===== Recorded data =====

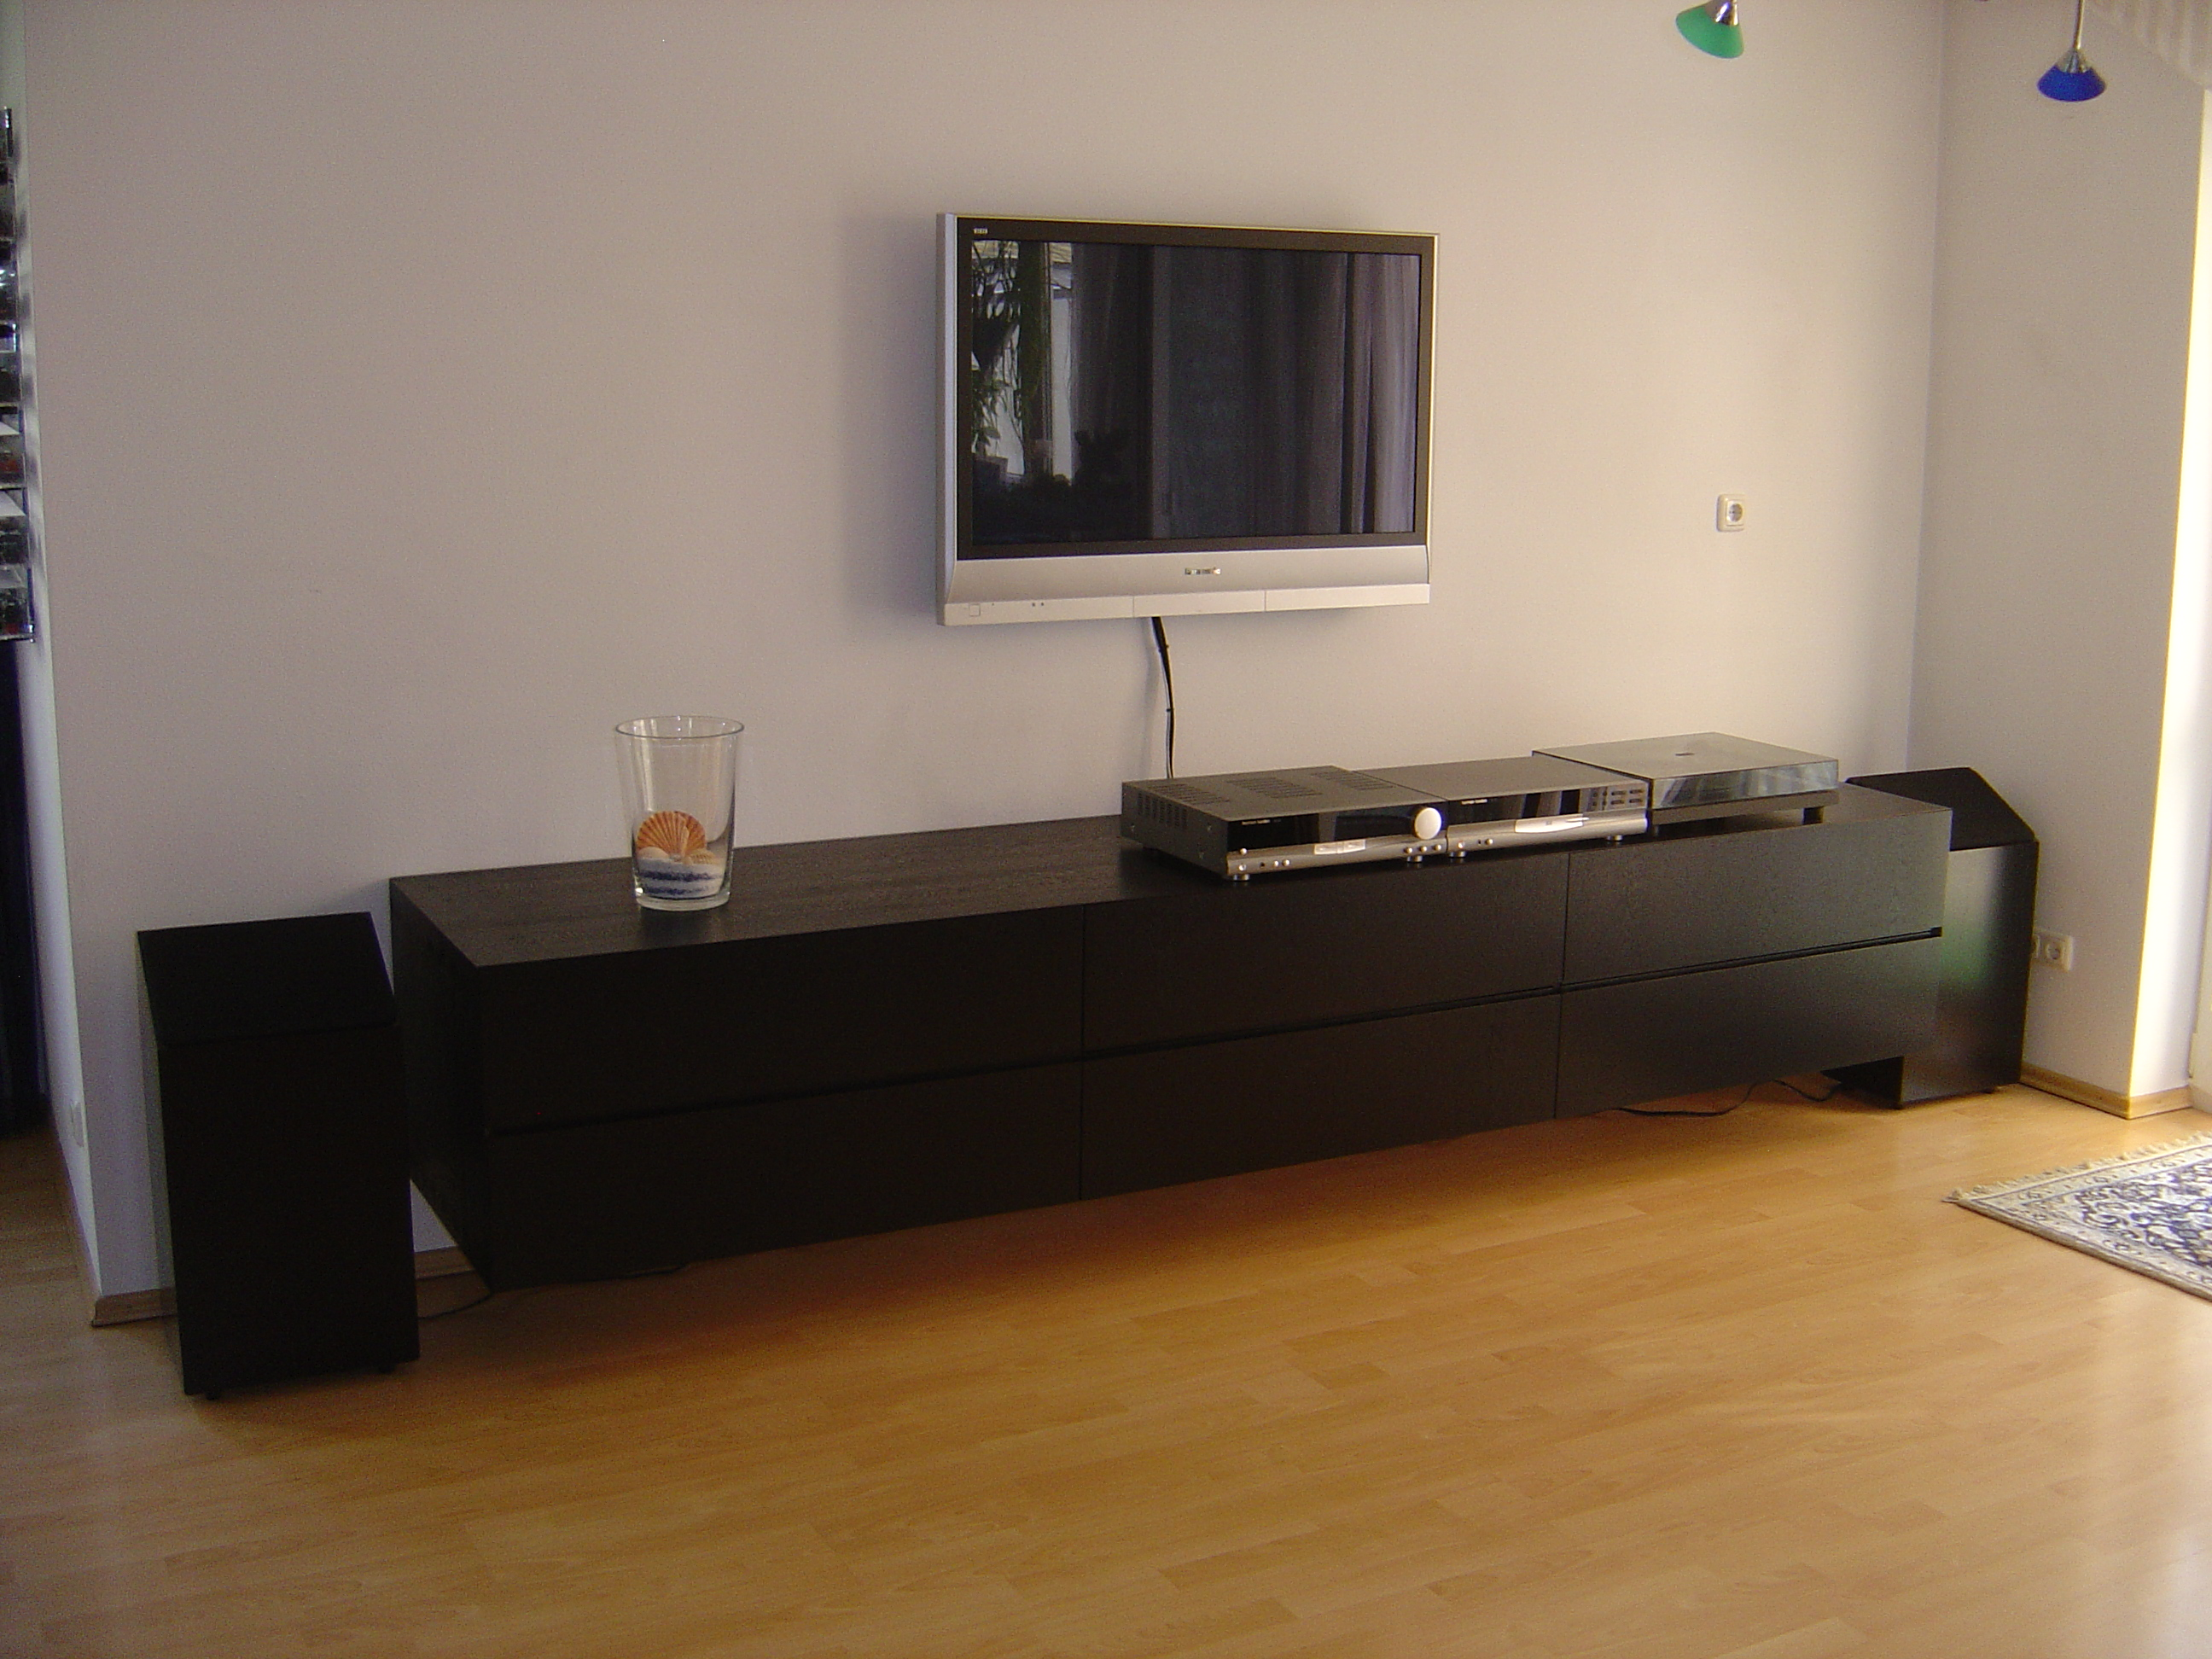 Sideboard in ESCHE schwarz gebeizt und schwarz lackiert mit 8 Schubkästen und Einteilung auf BLUM Motion mit Selbsteinzug
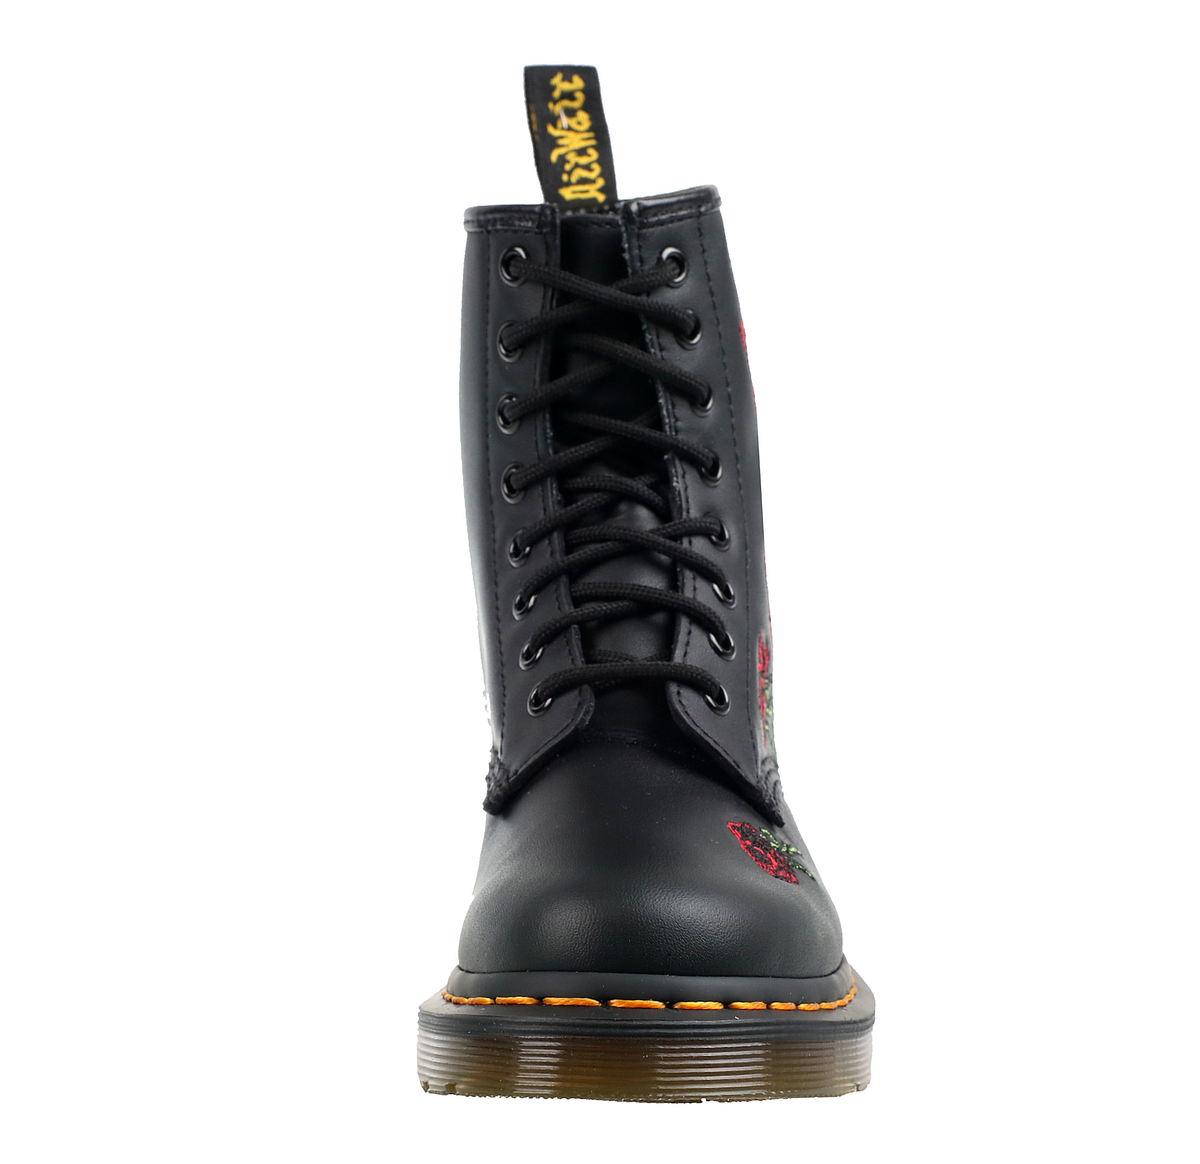 59faaa8ecf topánky dámske DR.MARTENS - 8 dierkové - DM24722001 - metalshop.sk
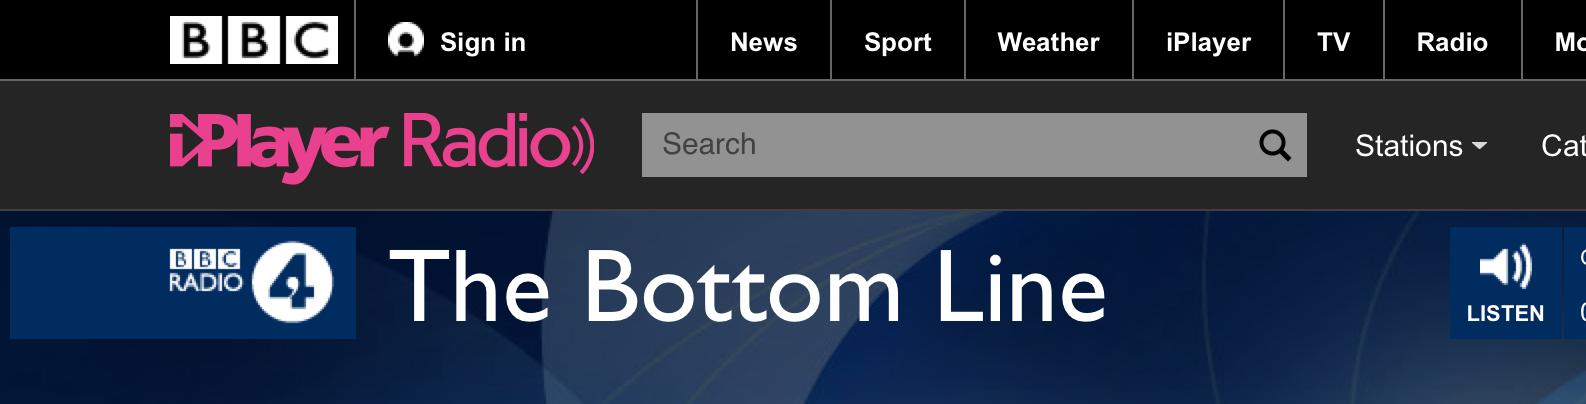 BBC 4 bottom line

=====

> **Work request**
Hand back the data exactly as it appears, with all pictures cut.

> **Expected answer**
 Sideboard in ESCHE schwarz gebeizt und schwarz lackiert mit 8 Schubkästen und Einteilung auf BLUM Motion mit Selbsteinzug
 59faaa8ecf topánky dámske DR.MARTENS - 8 dierkové - DM24722001 - metalshop.sk
 BBC 4 bottom line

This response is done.